Namespace: fq::statistic


StatisticCalculatorInterface

Abstract interface for statistical calculation tasks, create instances via factory function.

Factory Creation

fq::statistic::StatisticOptions options;
options.inputFastqPath = "input.fastq.gz";
options.outputStatPath = "output.stat.txt";
options.threadCount = 4;

auto calculator = fq::statistic::createStatisticCalculator(options);
calculator->run();

Interface Definition

class StatisticCalculatorInterface {
public:
    virtual ~StatisticCalculatorInterface() = default;
    virtual void run() = 0;
};

StatisticOptions

Statistics task configuration.

Field Type Description
inputFastqPath std::string Input FASTQ file path
outputStatPath std::string Output statistics file path
threadCount size_t Number of threads
batchSize size_t Batch processing size

StatisticInterface

Low-level abstract interface for statistical calculation, supports custom statistics logic extension.

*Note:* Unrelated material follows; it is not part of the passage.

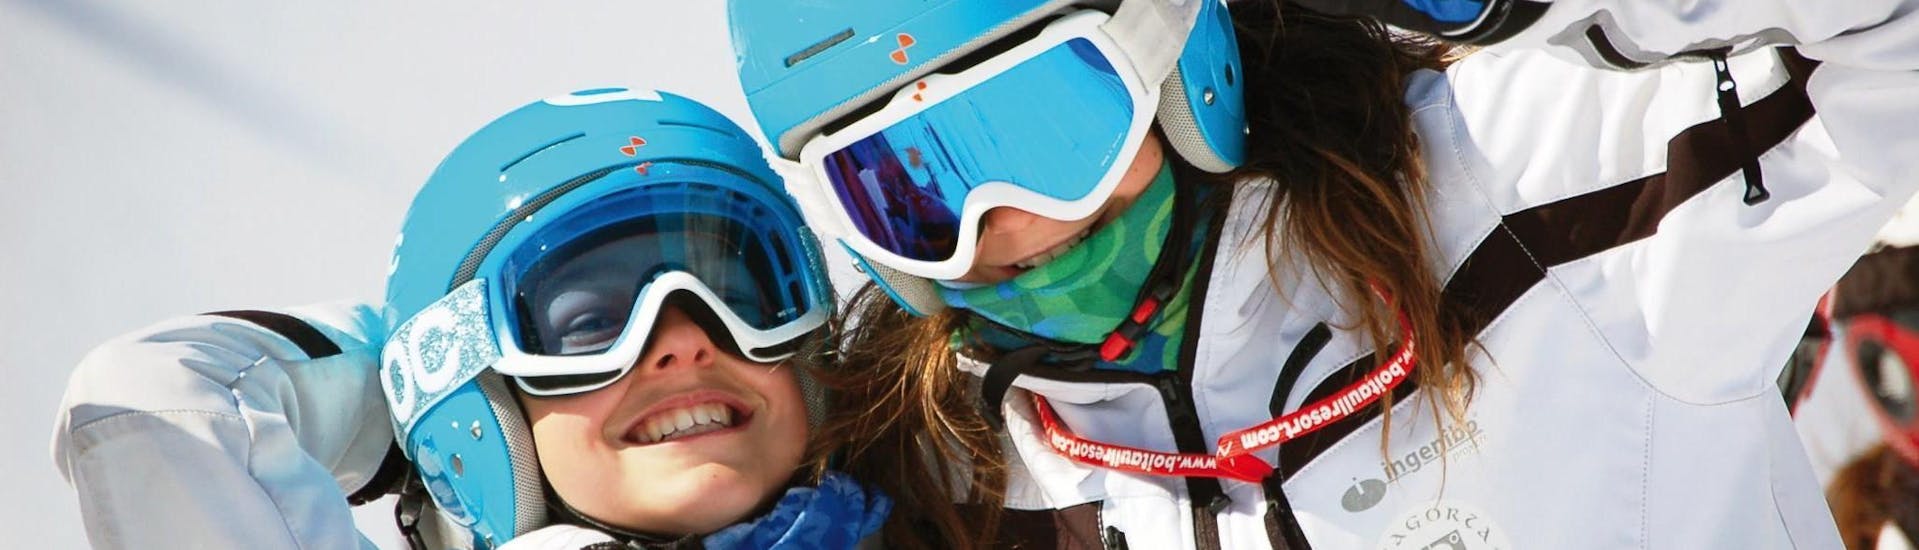 kids-ski-lessons-for-all-levels-escola-val-de-boi-hero-1

class StatisticInterface {
public:
    using Batch = fq::io::FastqBatch;
    using Result = FqStatisticResult;

    virtual ~StatisticInterface() = default;
    virtual auto calculateStats(const Batch& batch) -> Result = 0;
};

FqStatisticResult

Statistics result data structure.

Field Type Description
readCount uint64_t Total read count
totalBases uint64_t Total base count
maxReadLength uint32_t Maximum read length
posQualityDist vector<vector<uint64_t>> Position quality distribution
posBaseDist vector<vector<uint64_t>> Position base distribution

Supports operator+= to merge statistics results from multiple batches.

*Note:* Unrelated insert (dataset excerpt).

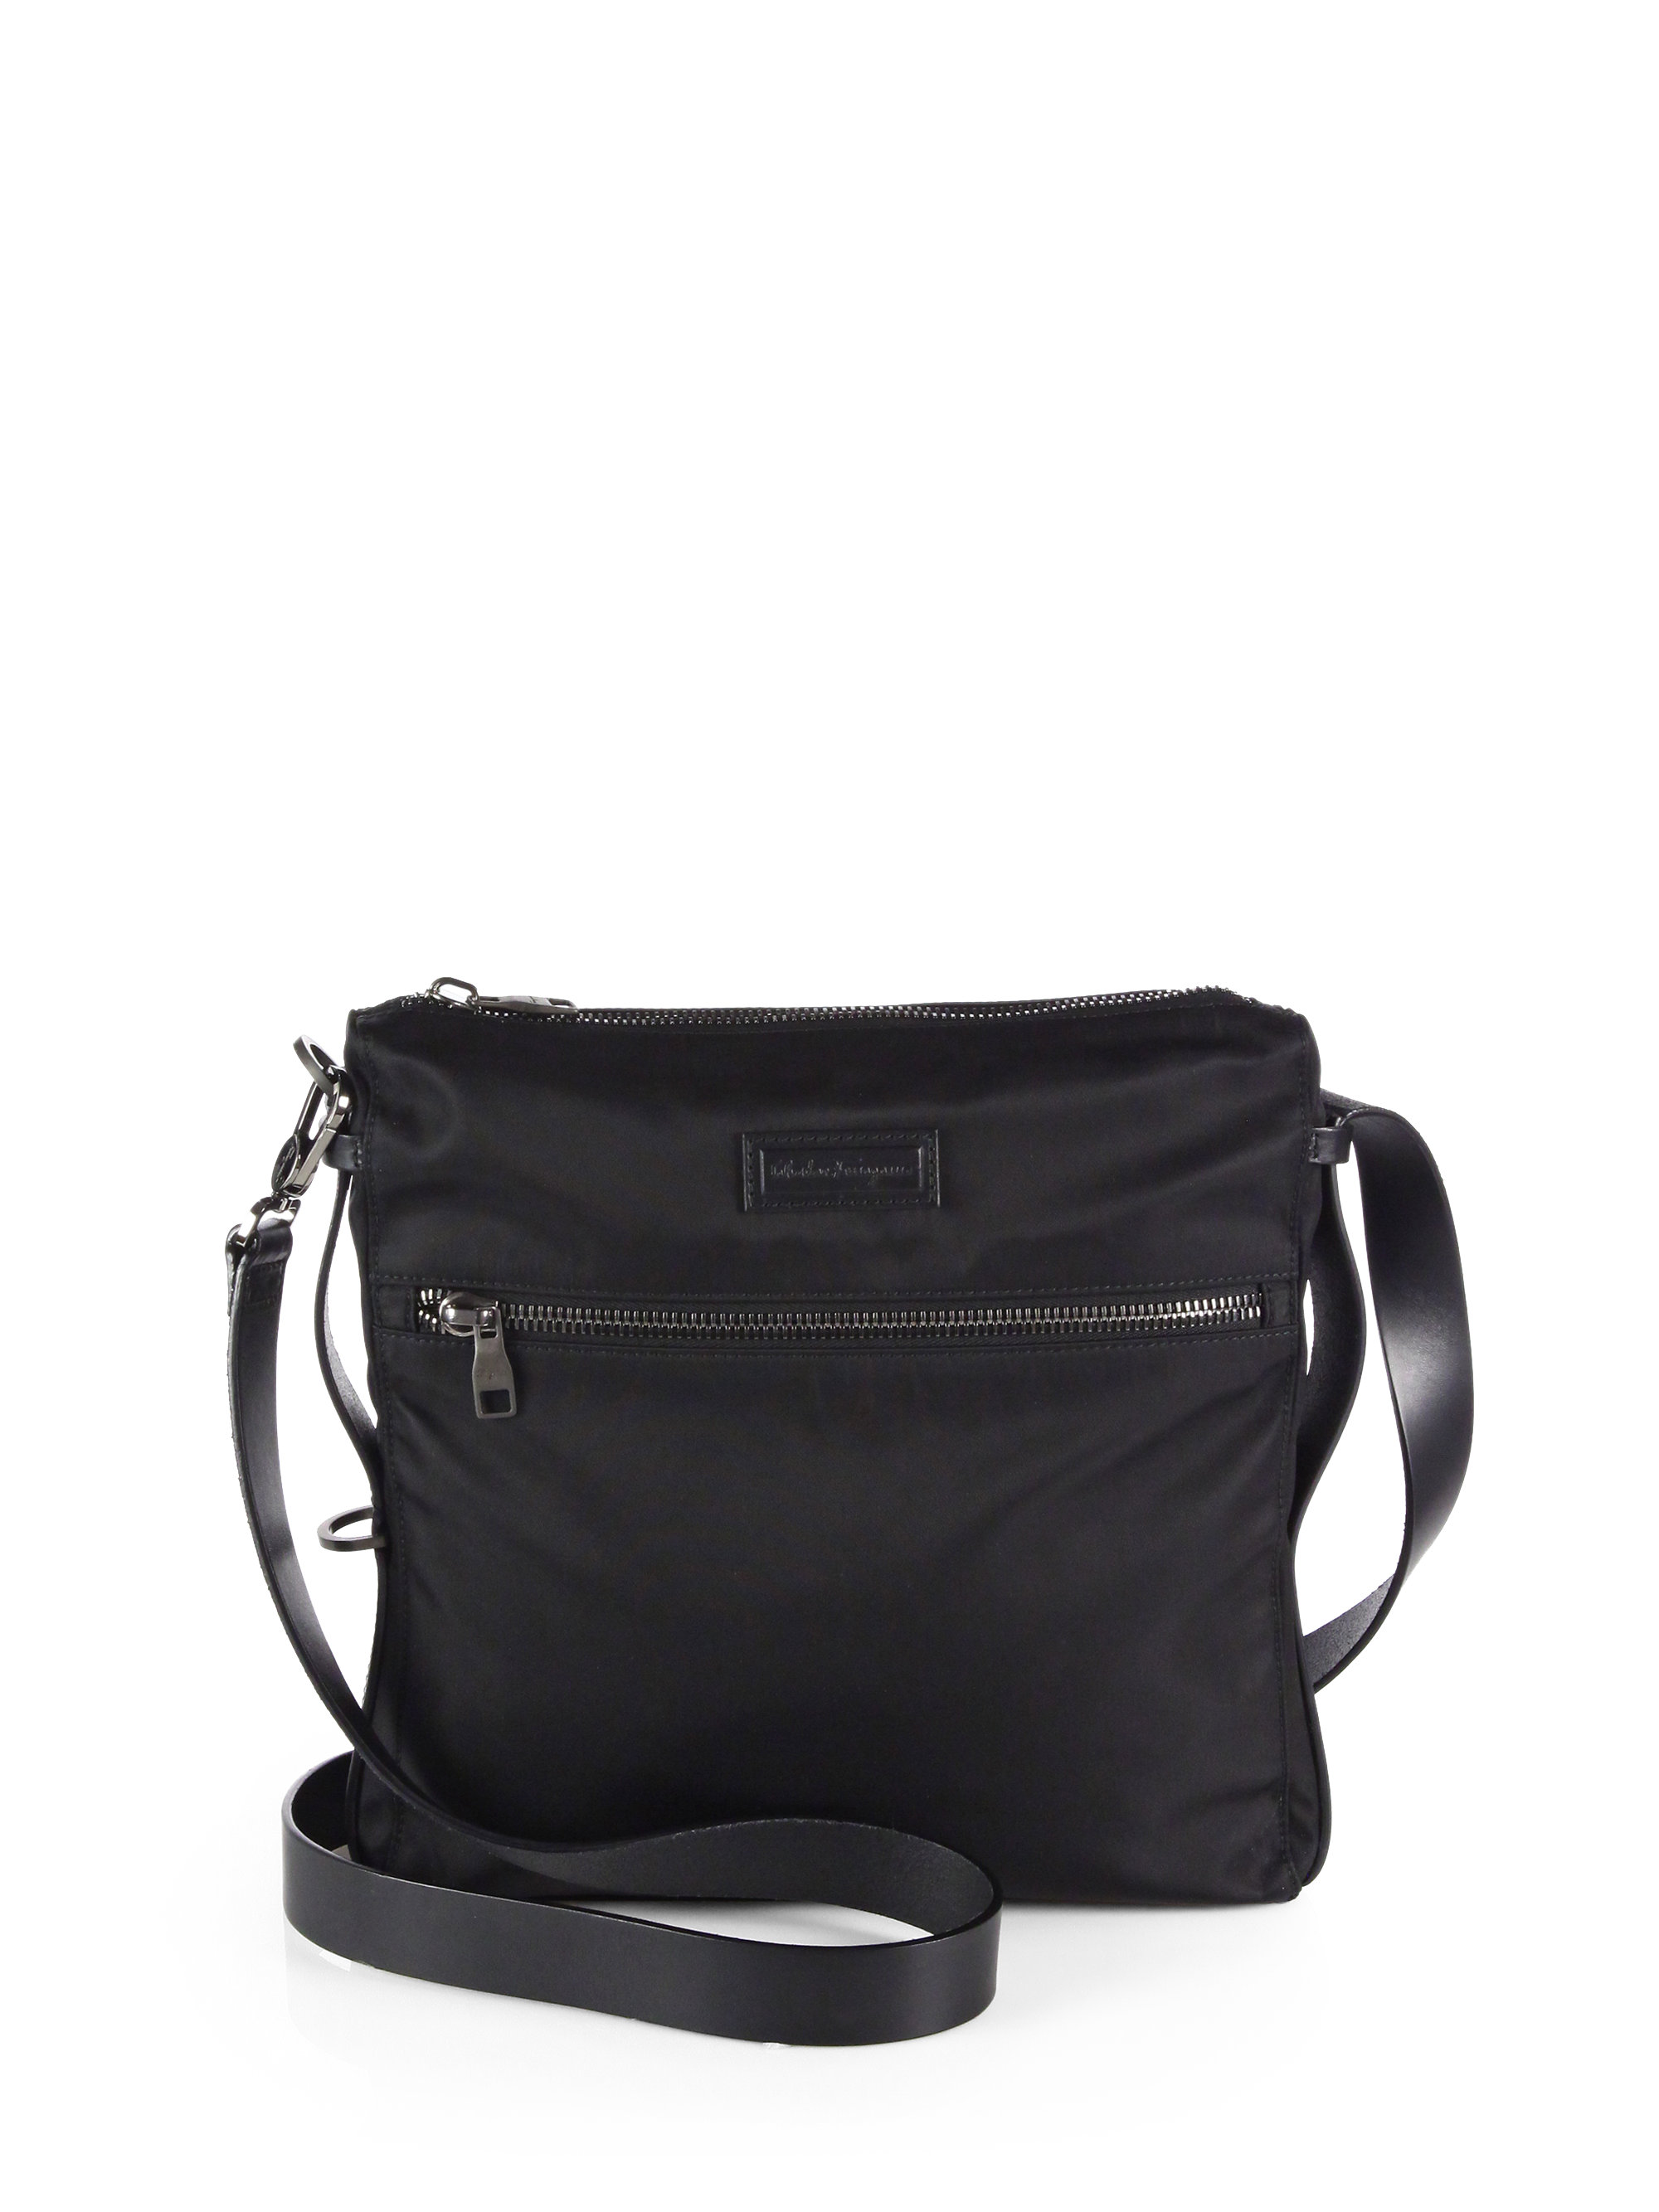 Ferragamo Sydney Nylon Crossbody Bag in Black for Men - Lyst

Parallel Processing Architecture

Statistical analysis uses TBB parallel pipeline:

Input file → FastqReader → [Source] → [Processing] → [Aggregation] → Output file
                          Serial read  Parallel calc    Serial merge
  1. Source (serial_in_order): Serially read FastqBatch
  2. Processing (parallel): Parallelly calculate statistics for each batch
  3. Aggregation (serial_in_order): Merge all statistics results

Output Format

Statistics results support JSON and text format output, containing:

  • Total reads, valid reads
  • Sequence length distribution (min/max/average)
  • Base composition (A/T/C/G/N ratio)
  • GC content
  • Position quality distribution (Q20/Q30 percentage)